Activation function: using ReLU;

Max Pooling: Using stride=2 and a kernel size of 3x3 (Experimental results show that Max Pooling using a 2×2 non-overlapping mode is relatively easy to overfit, and the error rates are 0.4% higher at top 1 and top 5, respectively. And 0.3%), the output feature map is 27 × 27 × 48 × 2, where 27 = (55-3) / 2 + 1, 48 is the number of feature map points on each GPU, 2 is the number of GPU;

LRN: The number of neighbors is set to 5 for normalization.

The final output data is normalized: 27×27×48×2.

C2 convolution layer

This layer consists of: Convolution operation + Max Pooling + LRN

Convolution layer: Consists of 256 feature maps. Each feature map is generated by a 5×5 convolution kernel at stride=1. To make the input and convolution output the same size, a padding with a parameter of 2 is required, and the feature map is output. It is 27×27×128×2, where 27=(27-5+2×2)/1+1, 128 is the number of feature map points on each GPU, and 2 is the number of GPUs.

Activation function: using ReLU;

Max Pooling: With stride=2 and a core size of 3x3, the output feature map is 13x13x128x2, where 13=(27-3)/2+1, 128 is the feature on each GPU Number of maps, 2 is the number of GPUs;

LRN: The number of neighbors is set to 5 for normalization.

The final output data is normalized: 13×13×128×2.

C3 convolution layer

This layer consists of: Convolution operation + LRN (note that there is no Pooling layer)

The input is 13 x 13 x 256 because the two GPUs at this layer will communicate (dotted line intersection)

Convolution layer: It is composed of 384 feature maps. Each feature map is generated by 3×3 convolution kernel under stride=1. In order to make the input and convolution output the same size, it needs to be parameterized as padding, output feature. The map is 13×13×192×2, where 13=(13-3+2×1)/1+1,192 is the number of feature map points on each GPU, and 2 is the number of GPUs.

Activation function: using ReLU;

The final output data is normalized: 13×13×192×2.

C4 convolutional layer

This layer consists of: Convolution operation + LRN (note that there is no Pooling layer)

Convolution layer: It is composed of 384 feature maps. Each feature map is generated by 3×3 convolution kernels under stride=1. In order to make the input and convolution output the same size, padding with parameter 1 is required, and the output feature map It is 13×13×192×2, where 13=(13-3+2×1)/1+1,192 is the number of feature maps on each GPU, and 2 is the number of GPUs.

Activation function: using ReLU;

The final output data is normalized: 13×13×192×2.

C5 convolution layer

This layer consists of: Convolution operation + Max Pooling

Convolution layer: Consists of 256 feature maps. Each feature map is generated by a 3×3 convolutional kernel at stride=1. To make the input and convolution output the same size, a padding with a parameter of 1 is required to output the feature map. It is 13×13×128×2, where 13=(13-3+2×1)/1+1, 128 is the number of feature map points on each GPU, and 2 is the number of GPUs.

Activation function: using ReLU;

Max Pooling: With stride=2 and a core size of 3x3, the output feature map is 6x6x128x2, where 6=(13-3)/2+1, 128 is the feature on each GPU Number of maps, 2 is the number of GPUs.

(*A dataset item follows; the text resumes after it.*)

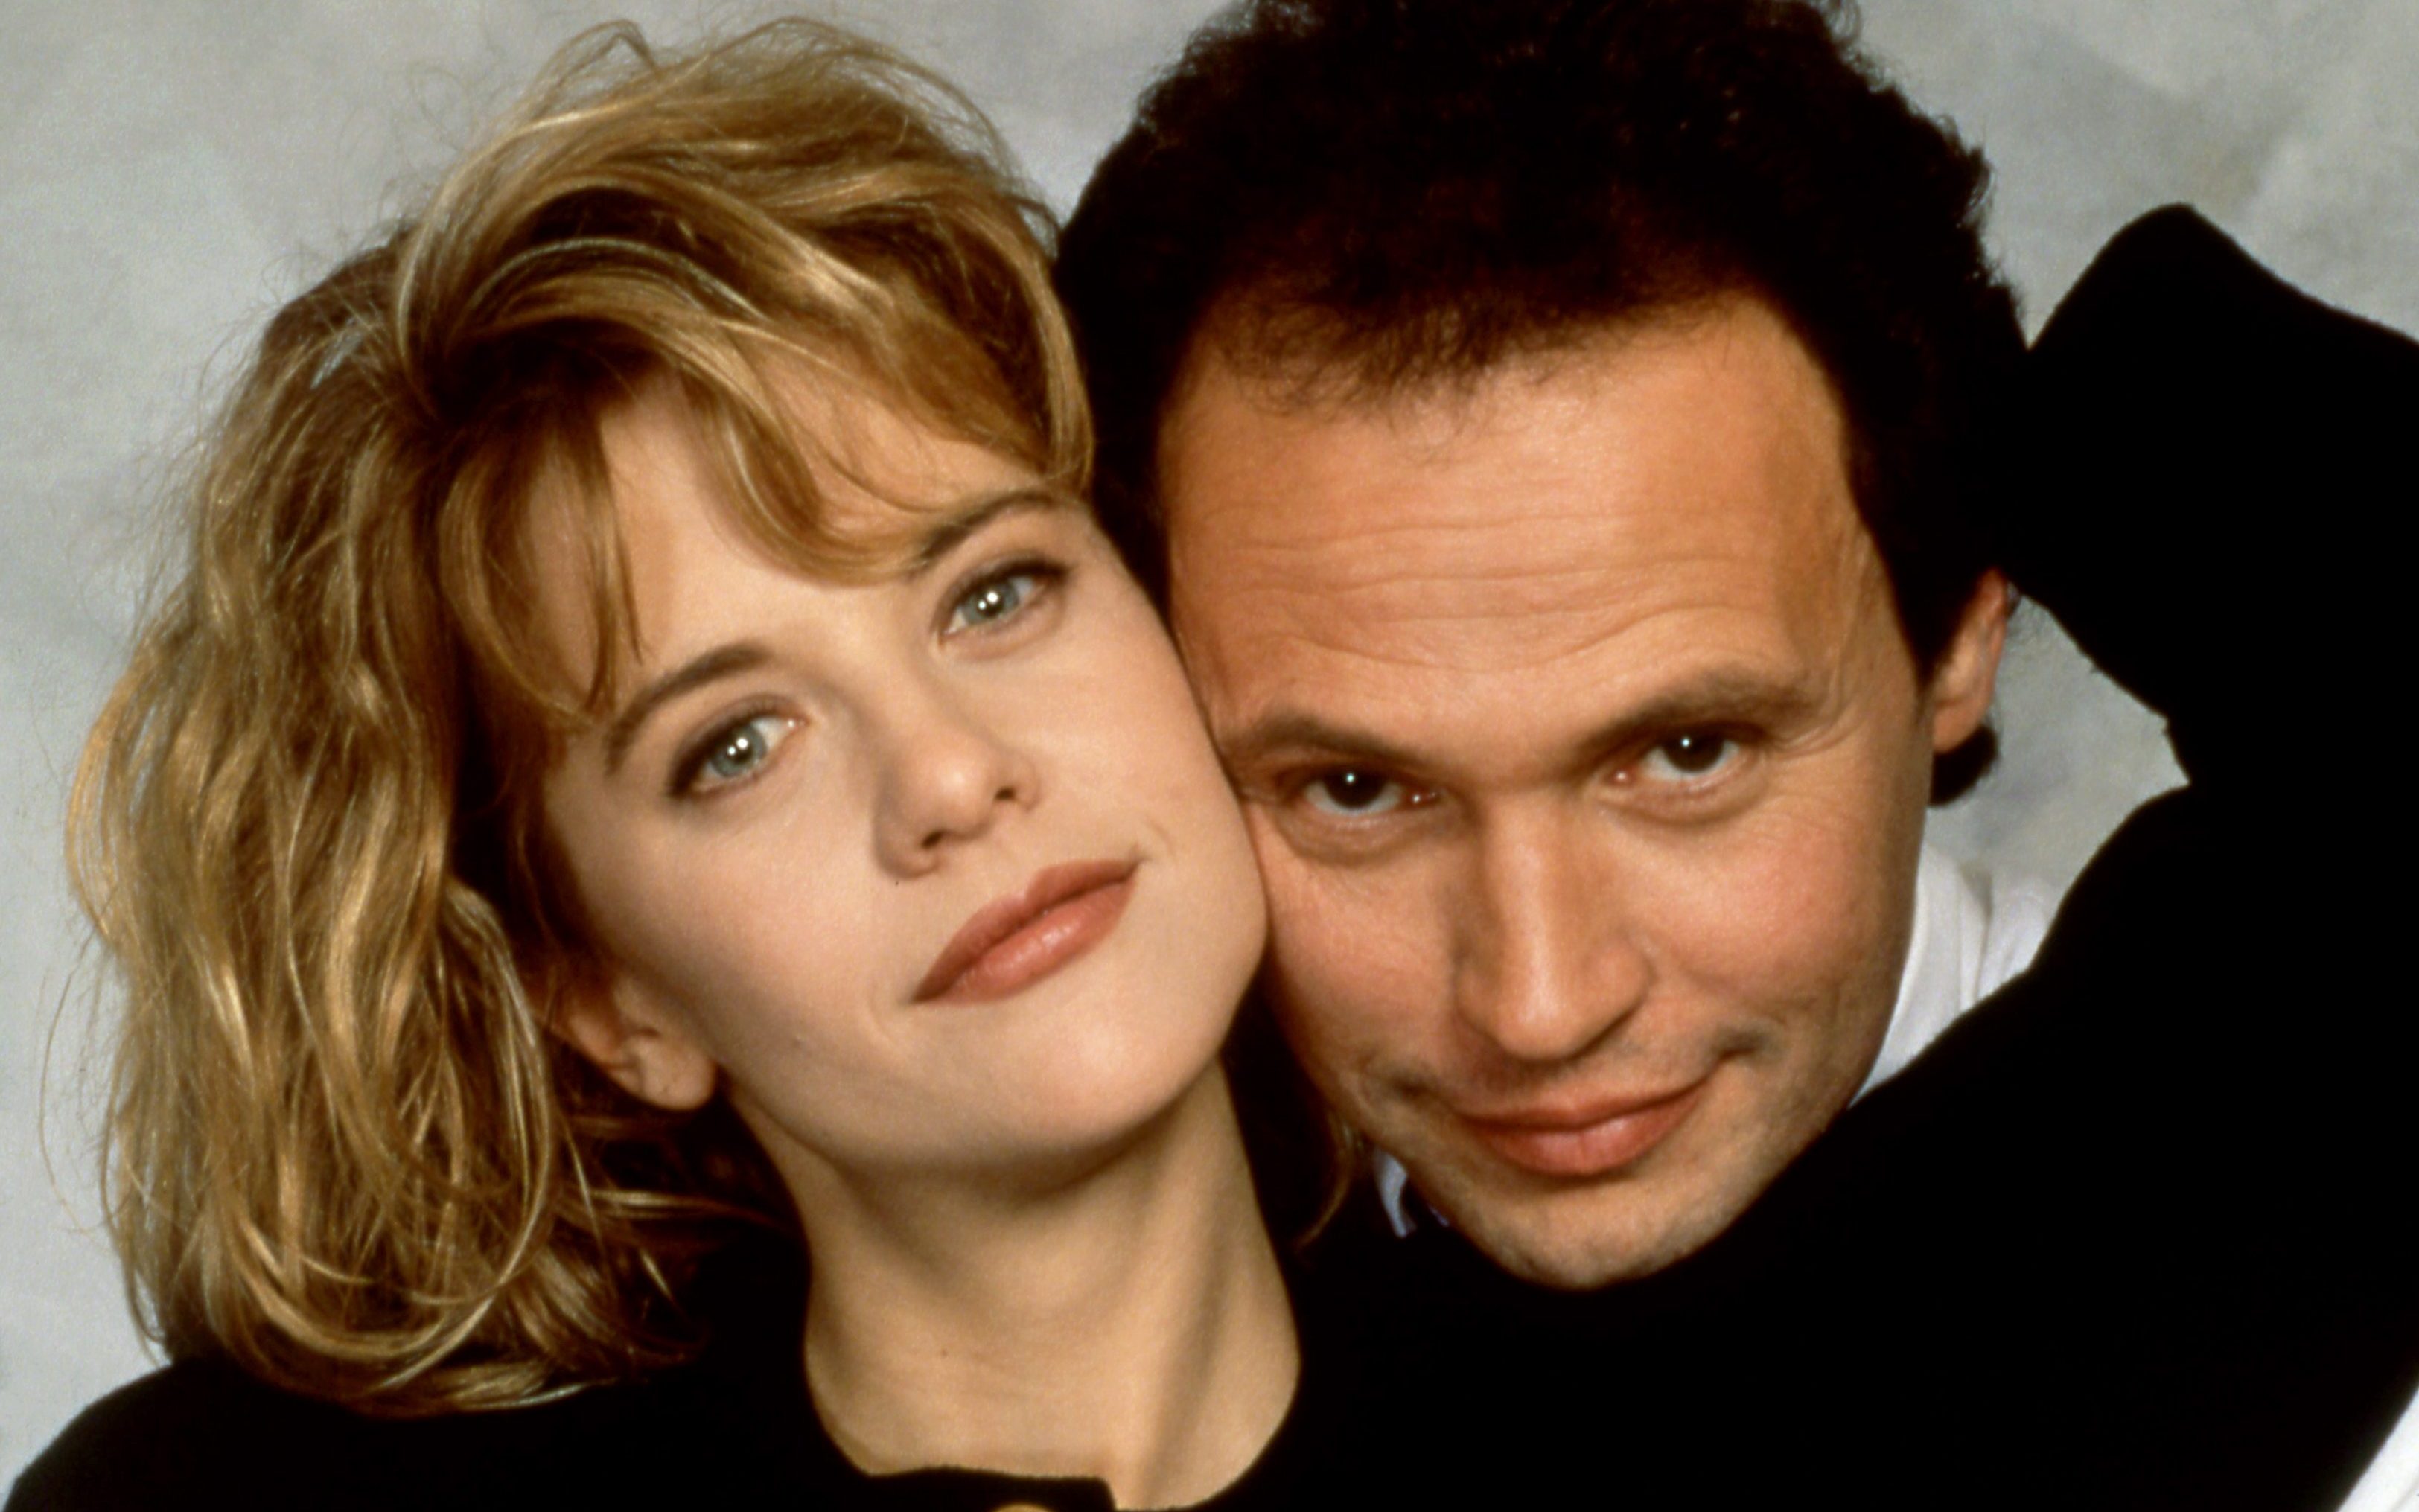 Meg Ryan and Billy Crystal portrait for When Harry Met Sally, 1989

The final output data is normalized: 6×6×128×2.

F6 full connection layer

This layer is fully connected + Dropout

Use 4096 nodes;

Activation function: using ReLU;

Dropout operation with parameter 0.5

The final output data is 4096 neuron nodes.

F7 full connection layer

This layer is fully connected + Dropout

Use 4096 nodes;

Activation function: using ReLU;

Dropout operation with parameter 0.5

The final output is 4096 neuron nodes.

Output layer

This layer is fully connected + Softmax

Softmax with 1000 outputs

The final output is 1000 categories.

The AlexNet advantage

1. Use ReLu activation function

---- Original Relu-----

AlexNet introduced the ReLU activation function, a more accurate activation model proposed by neuroscientist Dayan and Abott in Theoretical Neuroscience. The original Relu activation function (see Hinton paper: "Rectified Linear Units Improve Restricted Boltzmann Machines") we are more familiar with, namely max (0, x)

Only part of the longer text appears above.